Some thought starters for your weekend…
Reportedly, EHR and systems provider Athenahealth is thisclose to being sold. Via Becker’s Health IT, Seeking Alpha, a stock analysis site, connects the dots. In September, Bloomberg reported that private equity firms Veritas Capital and Elliot Investment Management (Evergreen Coast Capital) were considering selling Athenahealth for $20 billion or filing an initial public offering (IPO), two dramatic ways to exit. They entered in 2019 for $5.7 billion when it was already public, taking it private and combining it with a GE acquisition, Virence Health.
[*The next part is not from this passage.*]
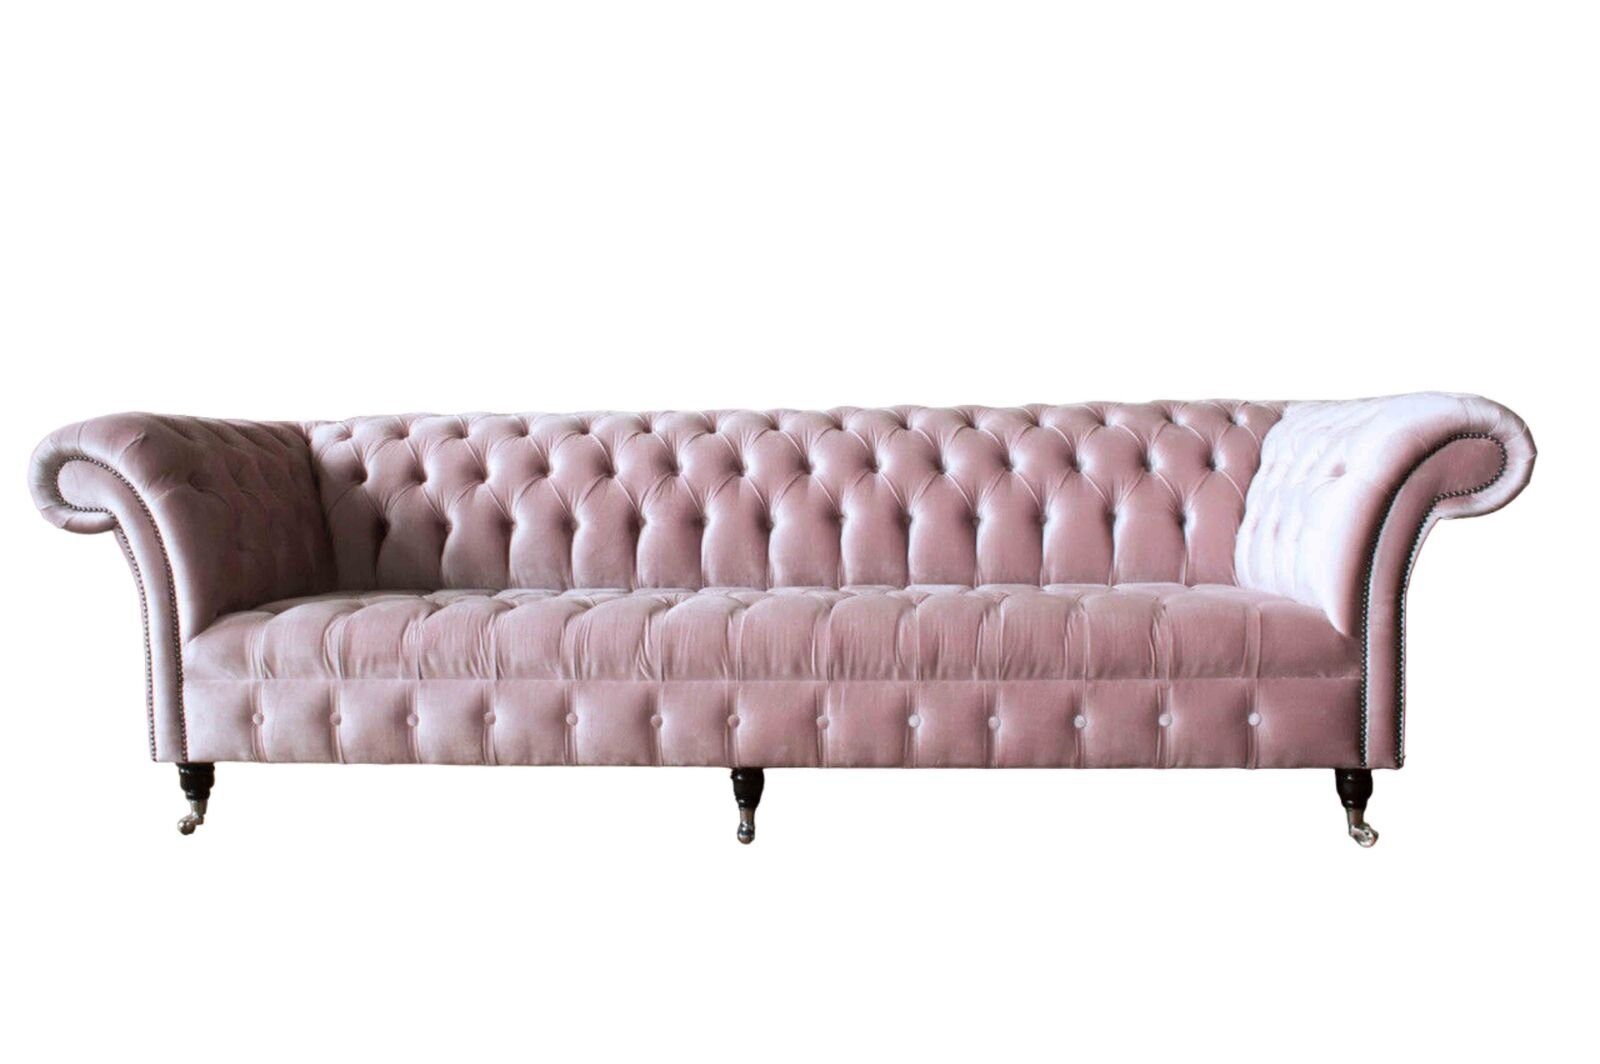 JVmoebel Sofa Chesterfield Rosa Couch Sofa Polster 4 Sitzer Couchen Sitz Sofas Neu, Made In Europe

Timing is now Q1 2022. The most interested investors apparently are Hellman & Friedman, Bain Capital, KKR, Thoma Bravo, and Brookfield Asset Management. While no longer the powerhouse it once was in EHRs and related systems, it still can fetch a good return and provide a favorable exit for the two companies. Athenahealth had no comment for Becker’s.
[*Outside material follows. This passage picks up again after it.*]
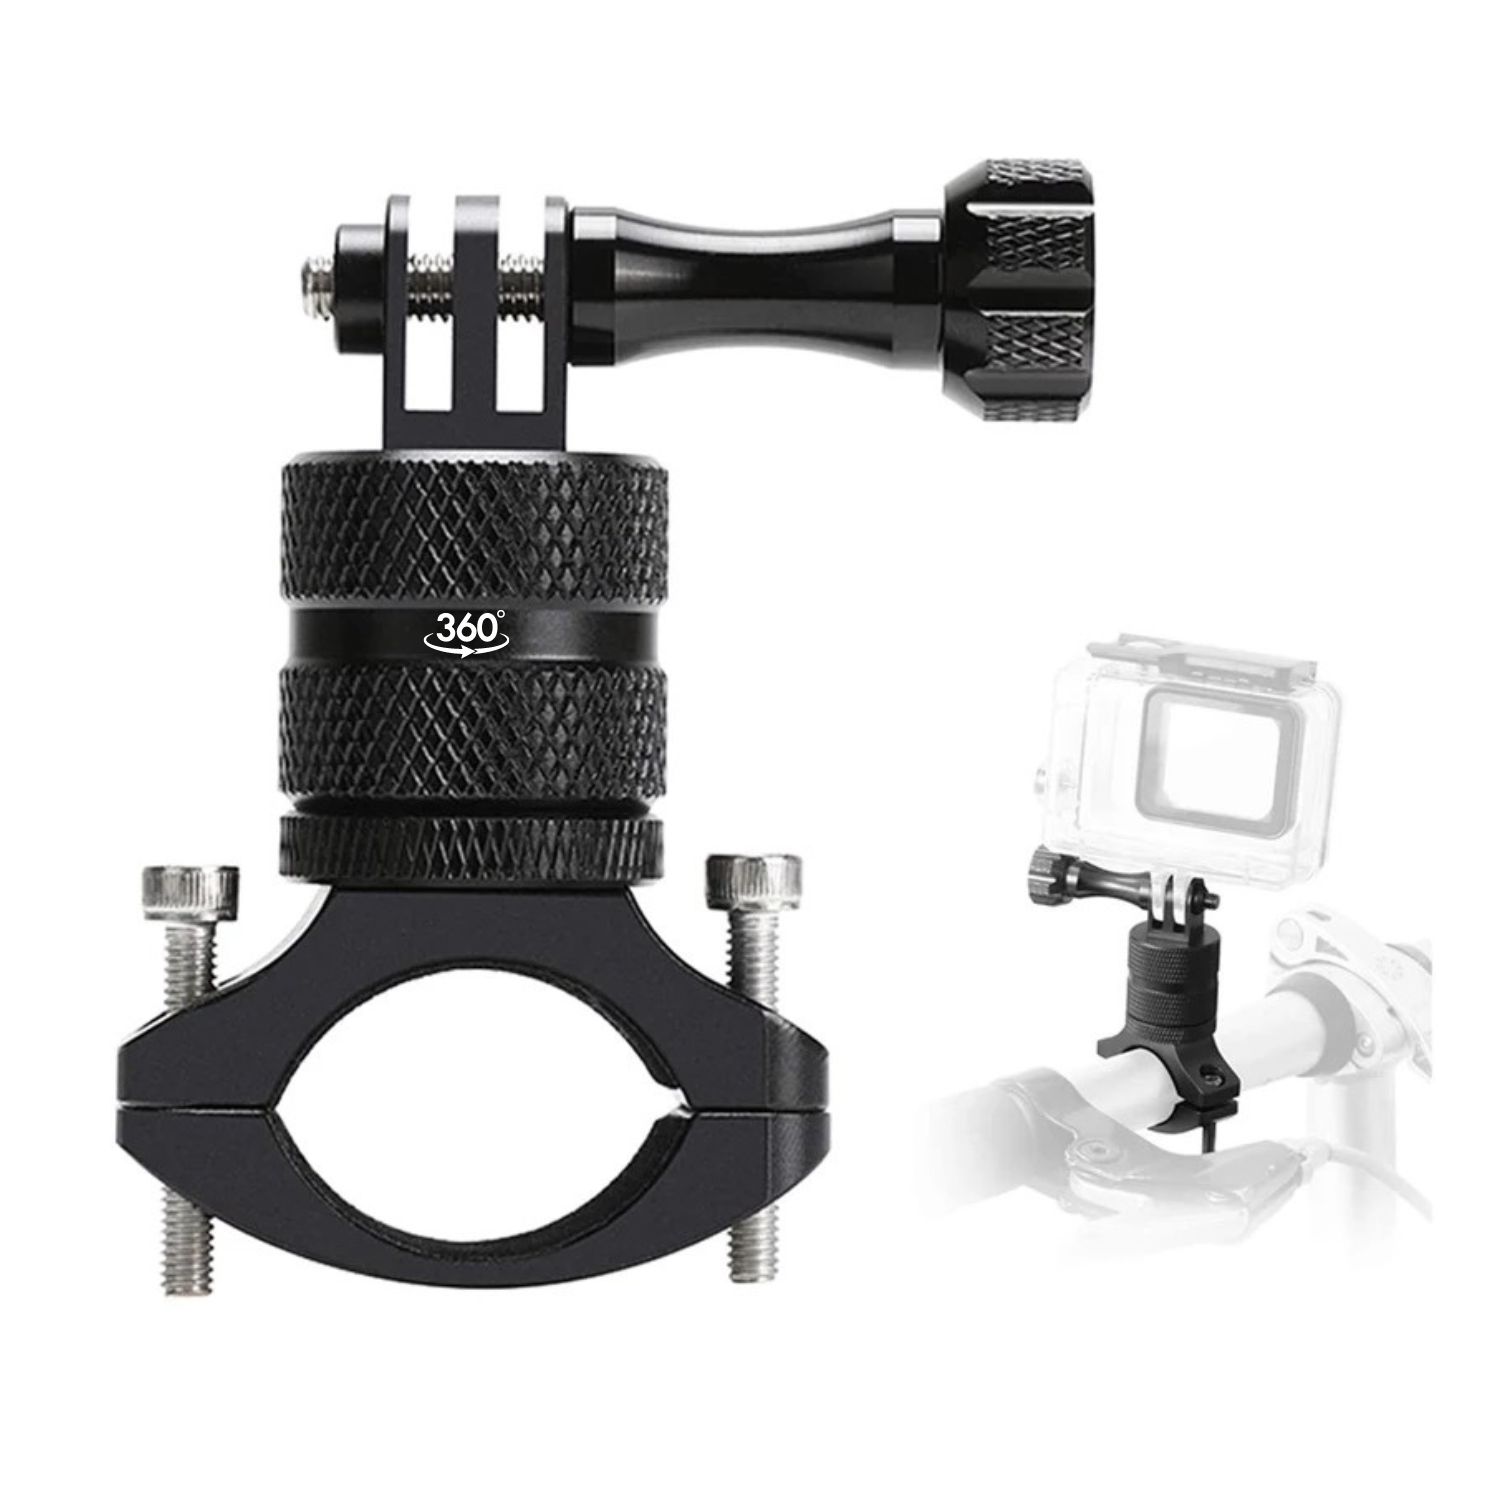 Handlebar Action Camera Mount for Bike | Bicycle Compatible with gopro | 360° Rotatable | Aluminium Alloy, Black

Teladoc and Big Telehealth wants More of the Patient, but will it be profitable? Our Readers are well aware of the War of the Roses (because it’s gone on so long) among the traditional telehealth players: Teladoc, Amwell, Included Health (Grand Rounds-Doctor on Demand), MD Live, with other smaller players jumping out of the juggernauts’ way and sticking to their knitting. With the addition of primary care (and, one can assume, the pandemic push), health systems and companies like Amazon Care and Babylon Health have jumped into the mix with ‘hit them where they ain’t’ offerings–Amazon offering house calls and services direct to employers, and Babylon 360 being offered to health plans and employers. Babylon and Teladoc’s Primary360 cover much the same ground, though, in connecting the patient users with an assigned doctor and primary care team for ongoing care.
As noted last month [TTA 7 Oct], the walls between payer and provider in primary care are collapsing in multiple ways in telehealth and payer models like insurtechs. Another model is Amwell’s reinforcing behavioral health capabilities (SilverCloud) and sliding into care management (Conversa and Amwell’s Converge platform).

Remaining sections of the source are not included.